**RECORDED INFORMATION:**

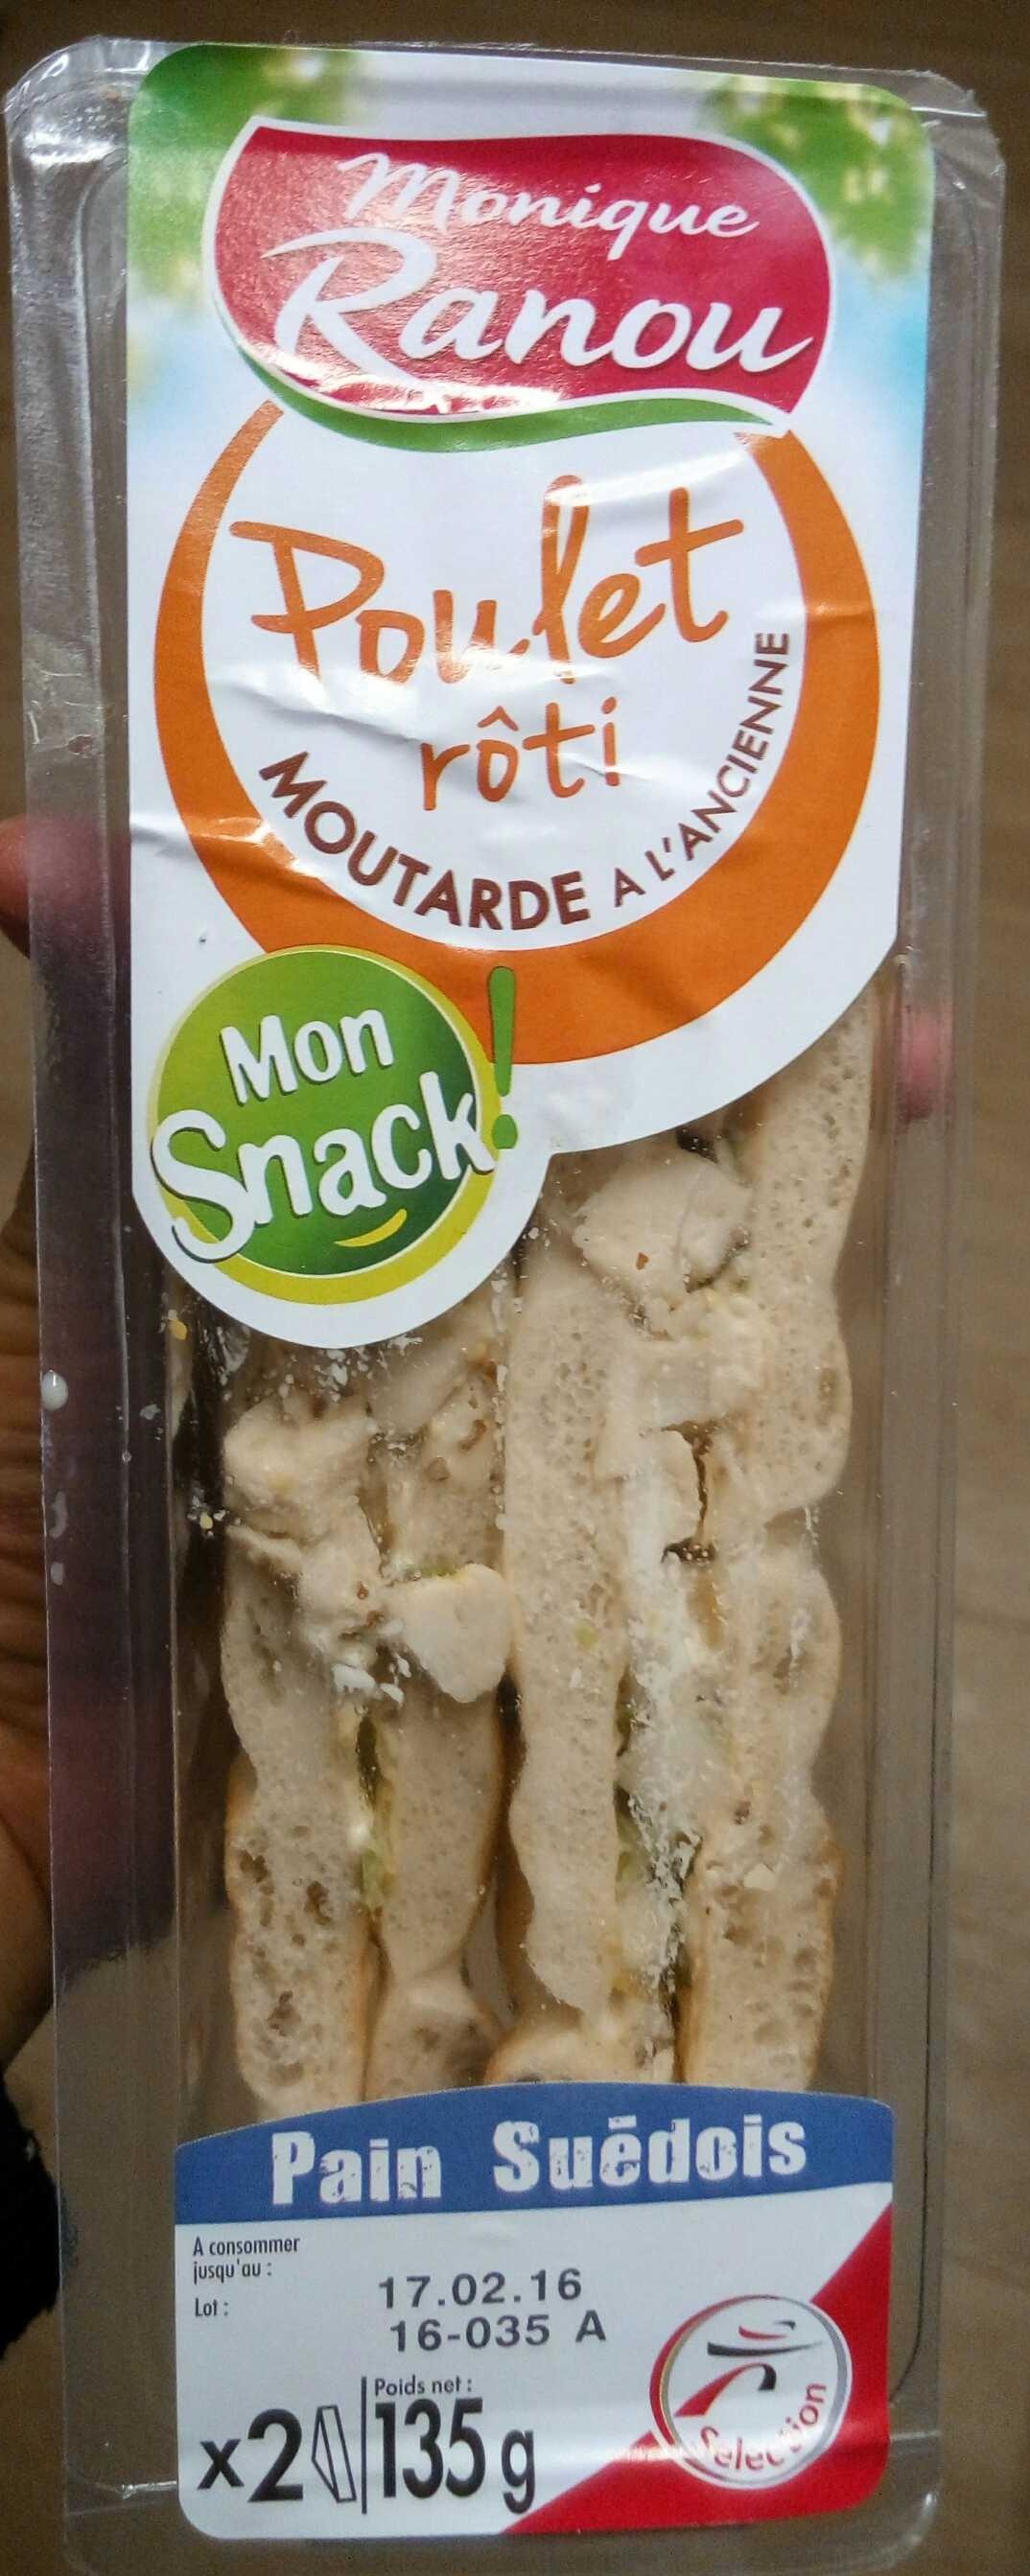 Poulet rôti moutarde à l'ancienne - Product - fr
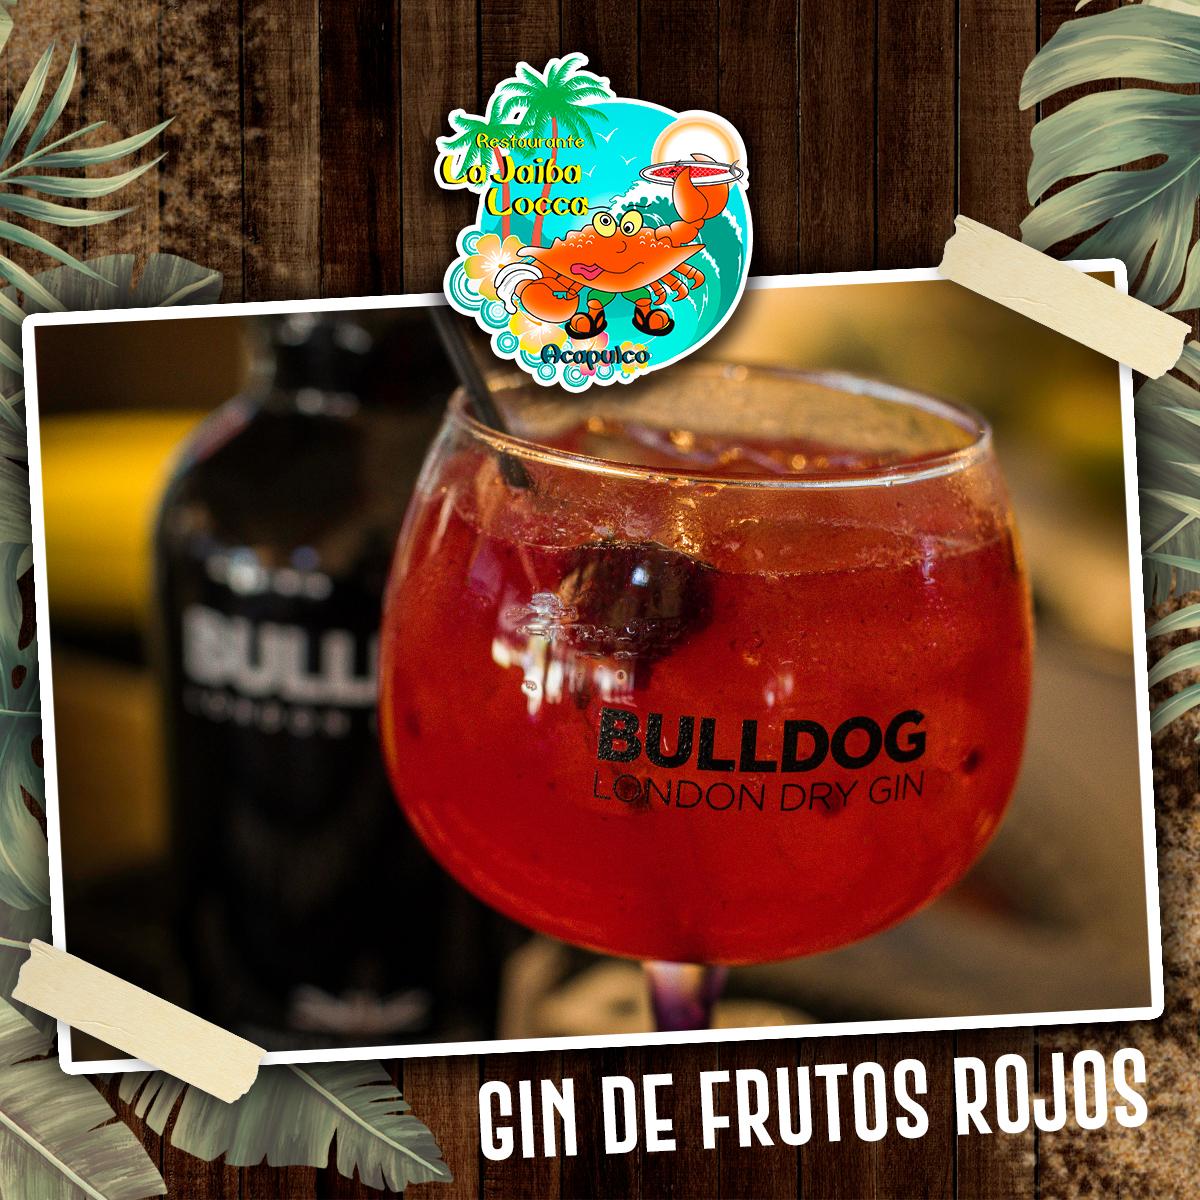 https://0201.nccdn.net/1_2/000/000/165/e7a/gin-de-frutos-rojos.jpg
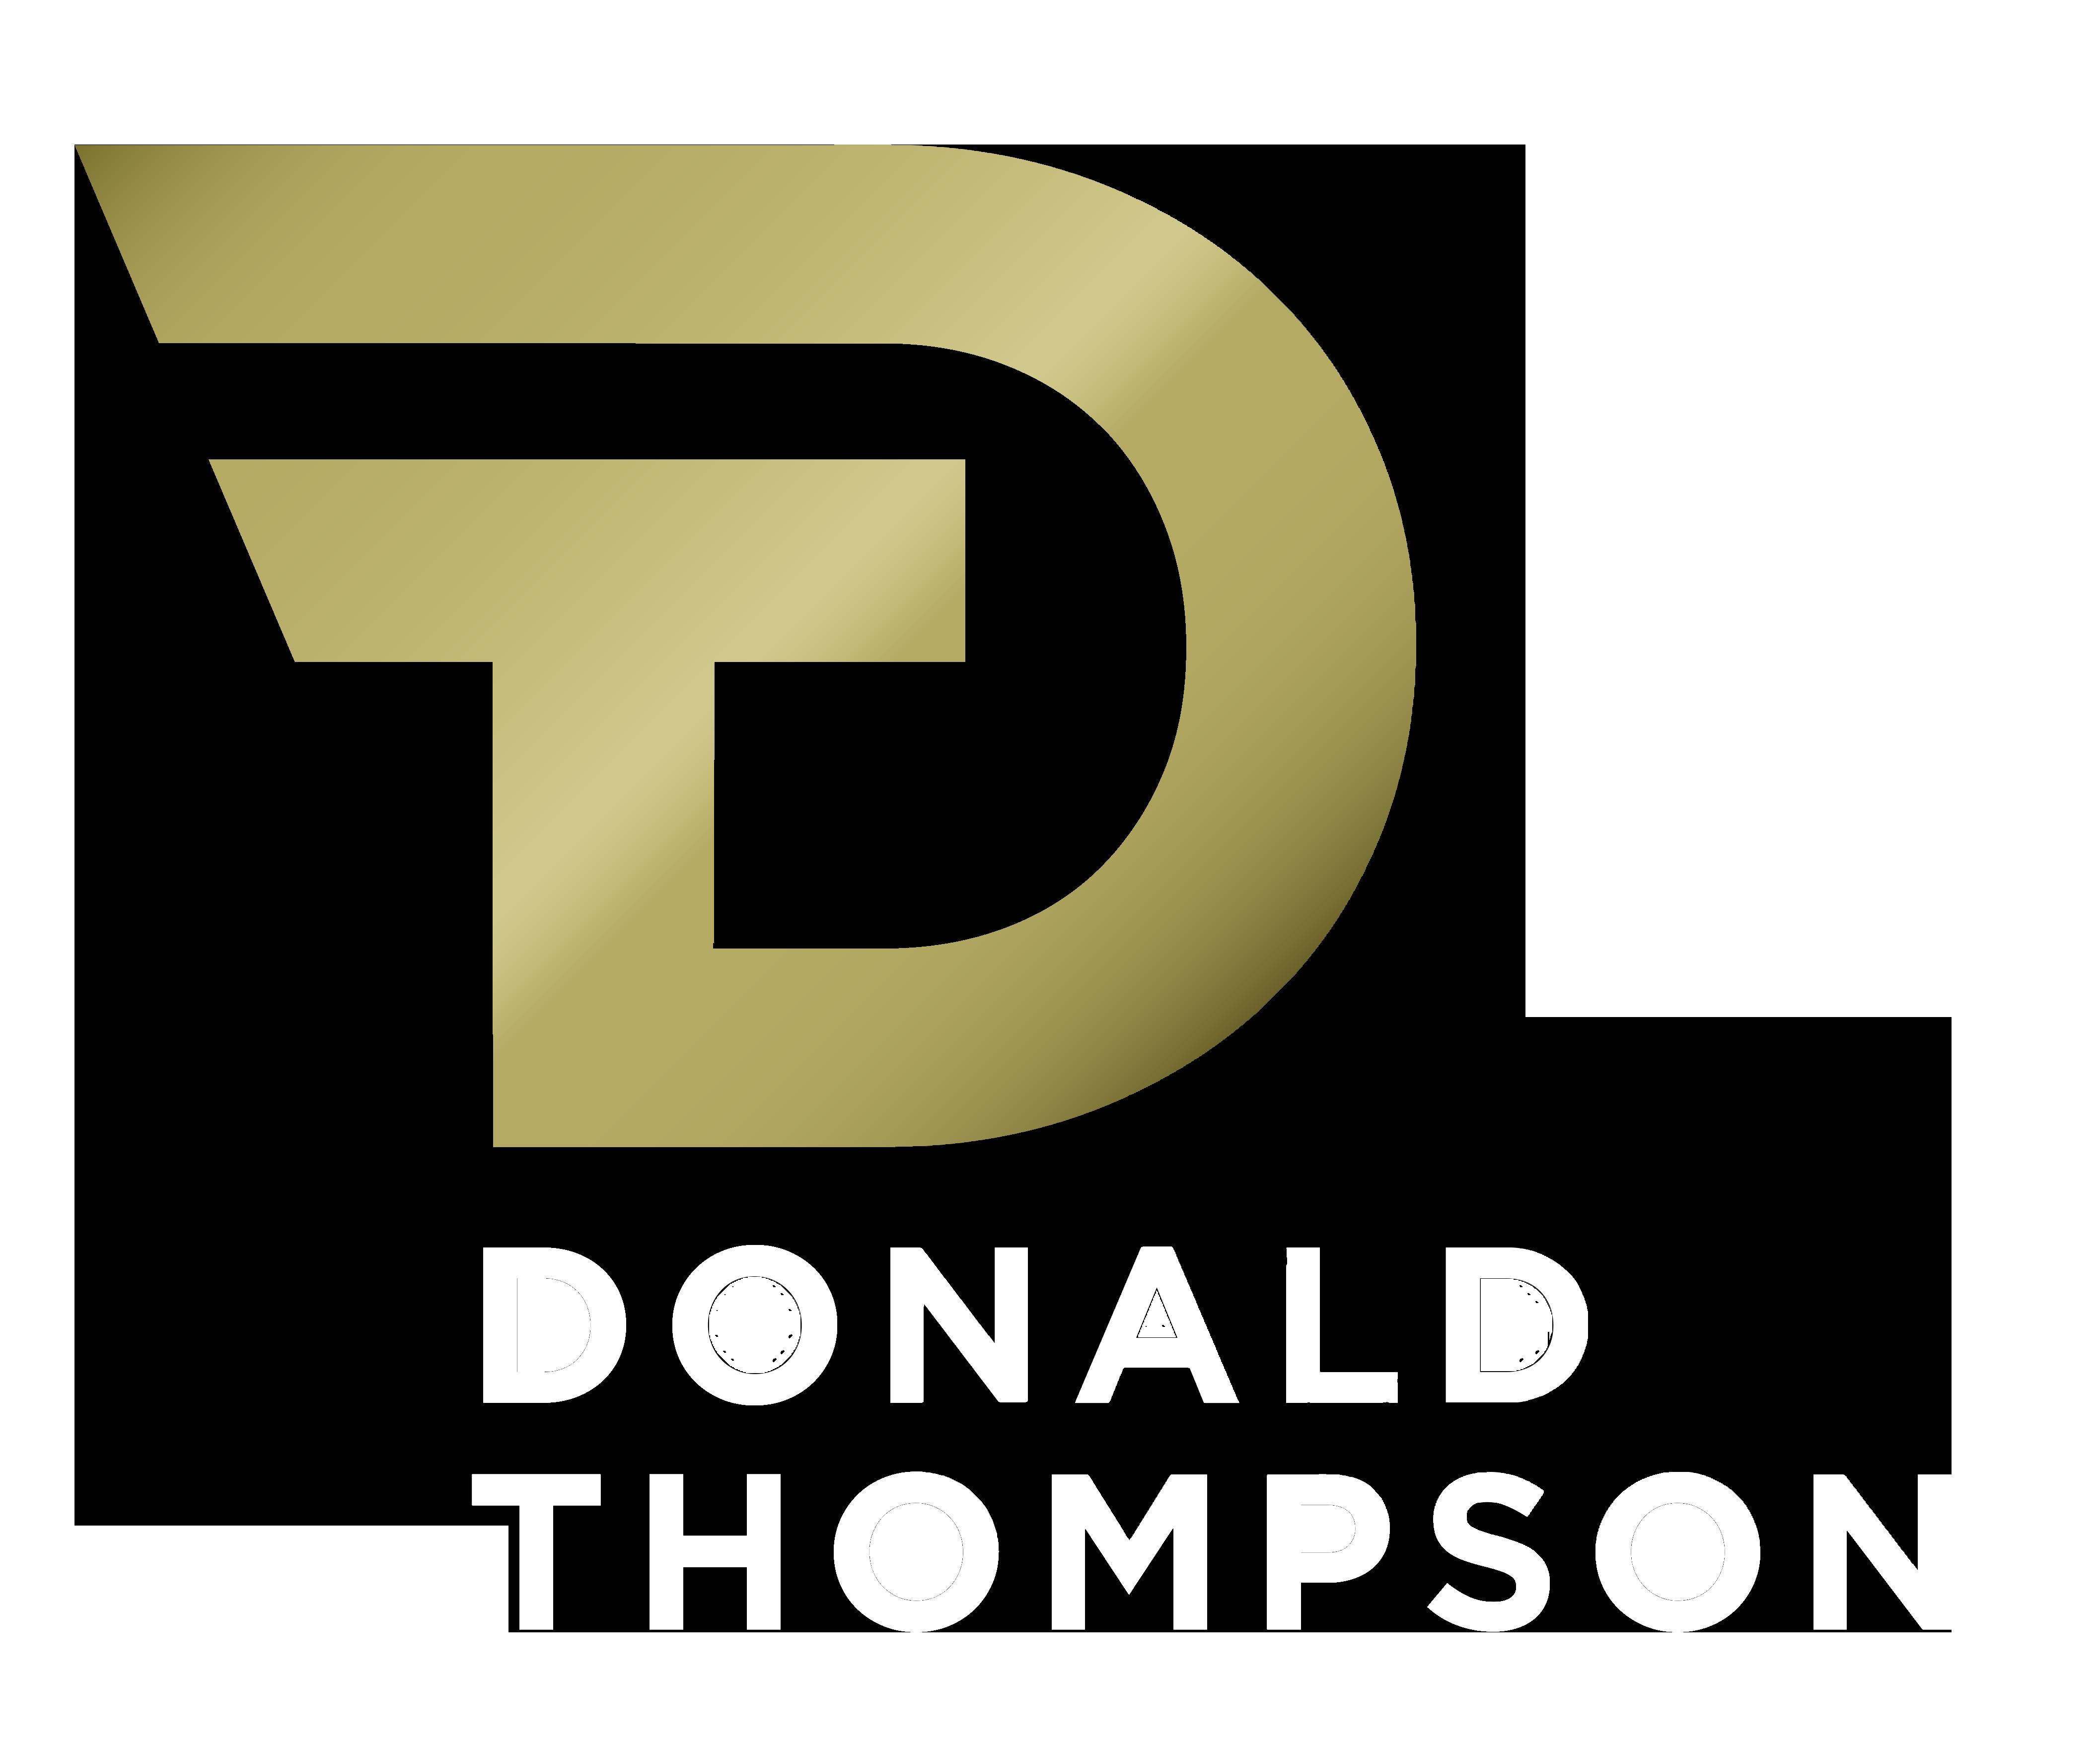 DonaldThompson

**DIRECTIONS:** The response must match the listing exactly, except that pictures are removed.

**WRITTEN ANSWER:**
 Poulet rôti moutarde à l'ancienne - Product - fr
 https://0201.nccdn.net/1_2/000/000/165/e7a/gin-de-frutos-rojos.jpg
 DonaldThompson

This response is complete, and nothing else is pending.